DESCRIPTION OF THE TASK:
Repeat the data that follows exactly, starting at the line with "Bette & Court" and ending at the line with "Ventilateur Arctic F8 pour boitier PC - 80mm", and leave out every picture.

EXTRACTED INFORMATION:
----
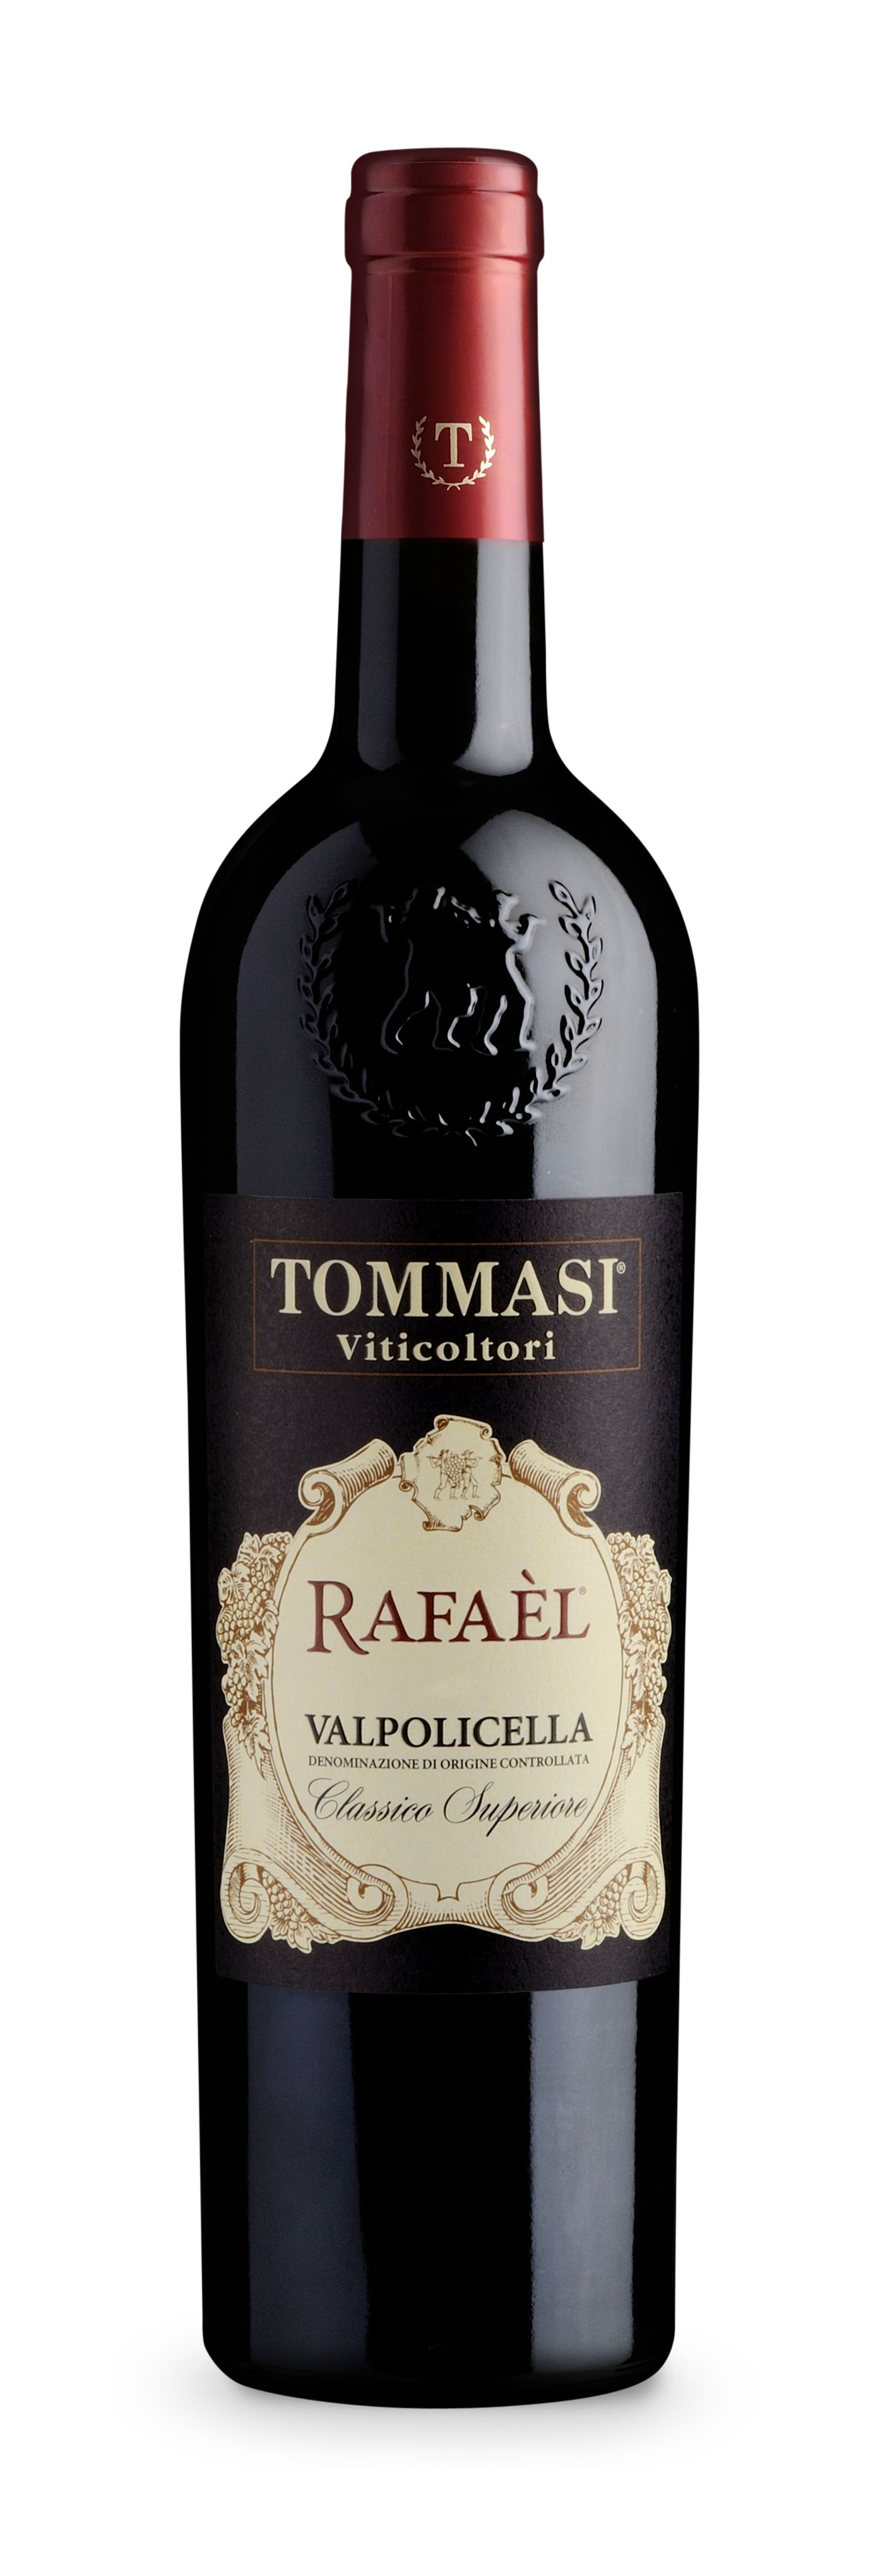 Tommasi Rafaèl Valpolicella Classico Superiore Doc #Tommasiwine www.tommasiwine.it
----
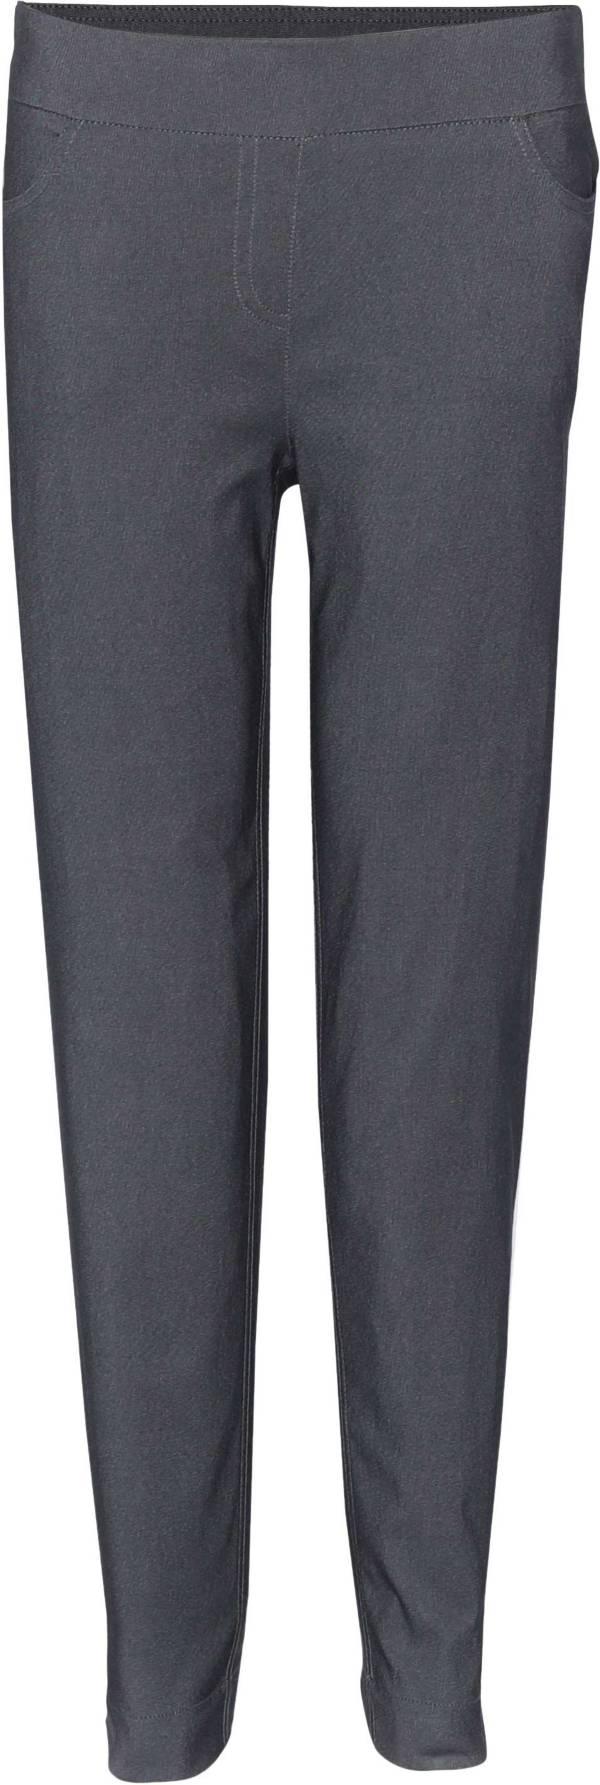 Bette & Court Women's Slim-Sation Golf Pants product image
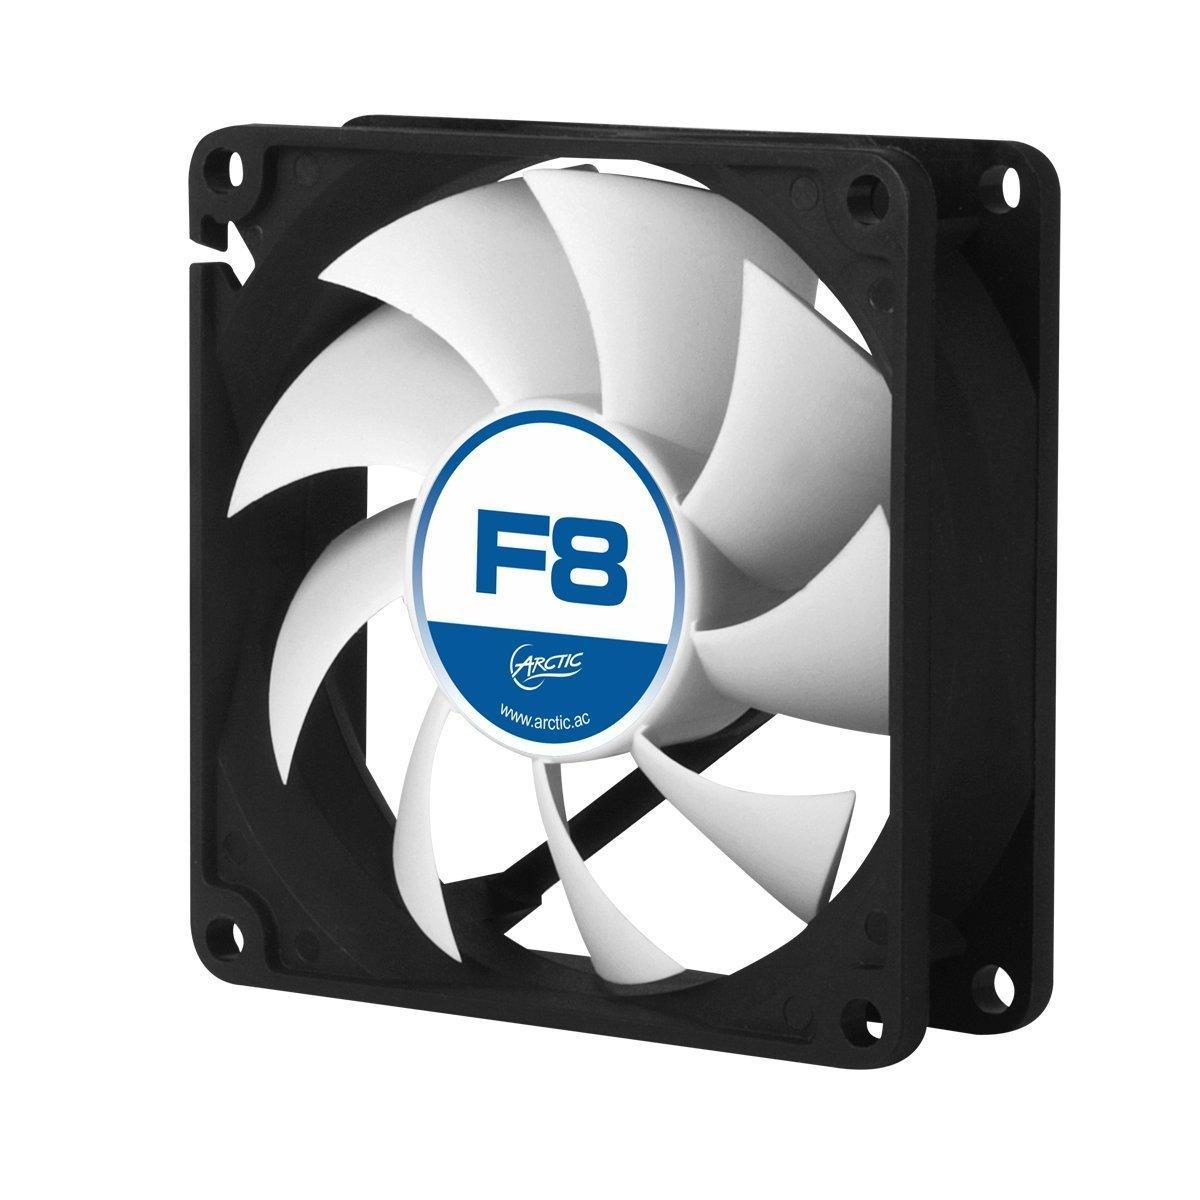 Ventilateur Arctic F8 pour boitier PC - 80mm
----
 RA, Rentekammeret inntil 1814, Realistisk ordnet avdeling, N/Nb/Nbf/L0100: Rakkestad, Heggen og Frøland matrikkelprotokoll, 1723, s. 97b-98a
----
OUTPUT FOR THIS EXERCISE:
 Bette & Court Women's Slim-Sation Golf Pants product image
 Ventilateur Arctic F8 pour boitier PC - 80mm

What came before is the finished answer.